The conflict between the civilized and animalistic sides of humanity is 
here initially literalized in the class conflict between the rich and the 
poor. On the wealthy side,
there's Daitokuji Yukio (Motoki Masahiro), a former military doctor who 
has taken over a successful practice from his father. On the other, the 
destitute denizens of a
nearby ghetto whom Yukio and his family disdain and often opt not to 
treat if they're in the way of a more dignified patient.

What upsets this clan ensconced in their fortress-like home, putting in 
conflict that which had been separated, is the arrival of two figures. 
The first is Rin (Ryo), the
beautiful wife of Yukio whose mysterious origins hint at the appearance 
of something foreign--one could call it desire--within this repressed 
family. The second is
Sutekichi (again Motoki), Yukio's long-lost rejected twin who, bent on 
revenge, first secretly causes the strange deaths of his parents and then 
pushes Yukio in the
garden well in order to take over his life and his wife.

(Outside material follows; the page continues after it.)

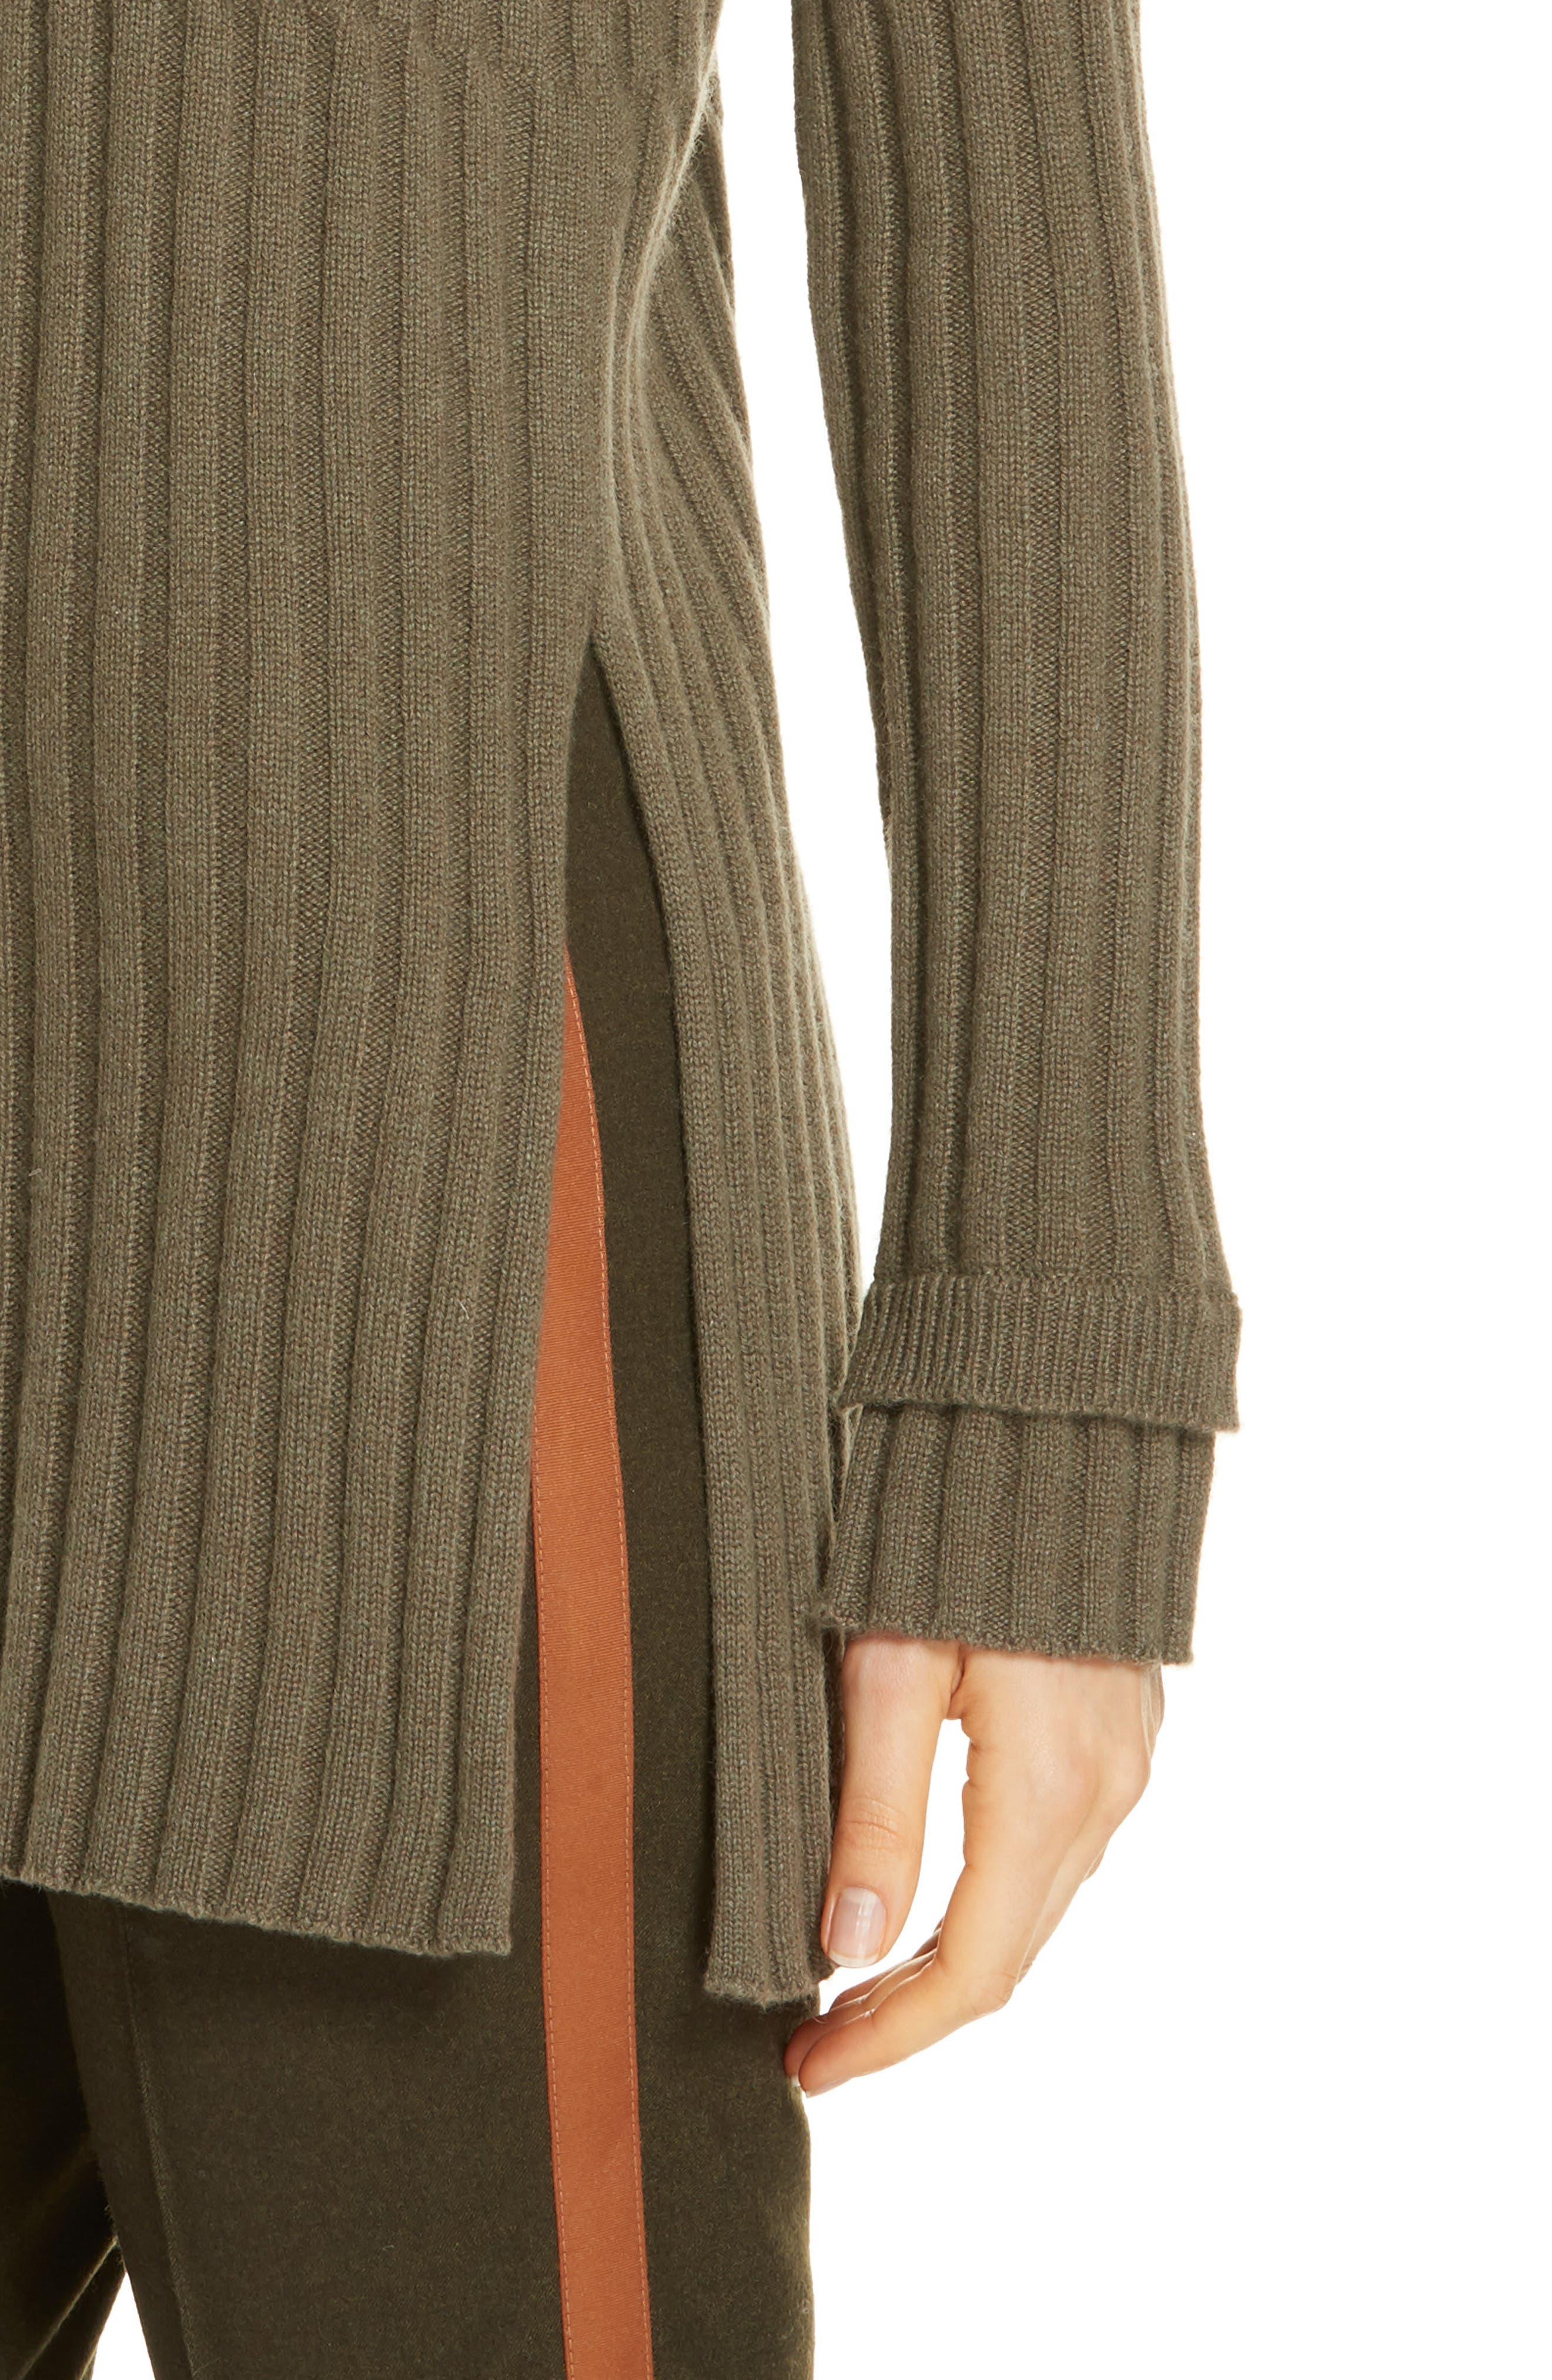 Rib Knit Cashmere Tunic,                             Alternate thumbnail 4, color,                             OLIVE IVY HEATHER

Tsukamoto uses color, acting, and make-up to establish the contrast 
between these worlds. While everything in the Daitokuji compound is dark 
and colorless, the
ghetto is defined by shocking combinations of primary colors. Its 
liveliness is translated into the acting: while Motoki as Yukio is a 
study in repressed movement, as
Sutekichi (before he takes over Yukio's role) he is practically 
performing a primitively violent and erotic dance reminiscent of ankoku 
butoh, the "dance of darkness"
which is here referenced in the person of the dancer-actor Maro Akaji, 
who plays Sutekichi's adopted father.

Yet as in many of Tsukamoto's films, it is the make-up and the costumes 
that does the most to define his world. If the Daitokuji's generally wear 
the normal clothes of
the Meiji era, those in the ghetto don an other-worldly combination of 
rags and industrial detritus. Their more "liberated" relation to 
physicality is emphasized by both their
hard, rock-like hair styles and by Sutekichi's scar, the mark that 
emphasizes his bodiliness and which must be hidden if he wishes to 
masquerade as Yukio.

In contrasting these two sides to human beings, Tsukamoto is not 
directing an epic battle in which one wins over the other: Yukio and 
Sutekichi are, after all, mirror
images who, since it turns out that Rin had actually once been 
Sutekichi's lover, love the same woman.

Moreover, neither the rich nor the poor come out as representing the 
positive values of "humanity." Not only do all the rich women sport 
bizarre, flying-saucer shaped hair
styles, but in a brilliant move, all the actors appear with barely any 
eyebrows. From the beginning, we are facing a world without the 
comfortable anchors of normalcy (a
sense emphasized by the raucous music and deafening sound track) or even 
of the human face.

The final conflict between the two brothers, realized when Yukio, himself 
forced into an animalistic existence in the well, reemerges, is then not 
a means of resolving
their oppositions, nor is it a case of one repressing the other. The two 
sides are, in effect, joined--not in harmony, but in a recognition of 
contradiction within the human
self.

Like many of Tsukamoto's movies, Gemini is a disturbing work, one which 
assaults the audience with extremes of style and sound. But it is not 
without its own version
of hope. More than in his other work, Tsukamoto here seems to place some 
faith in love, here between Rin and her two men. 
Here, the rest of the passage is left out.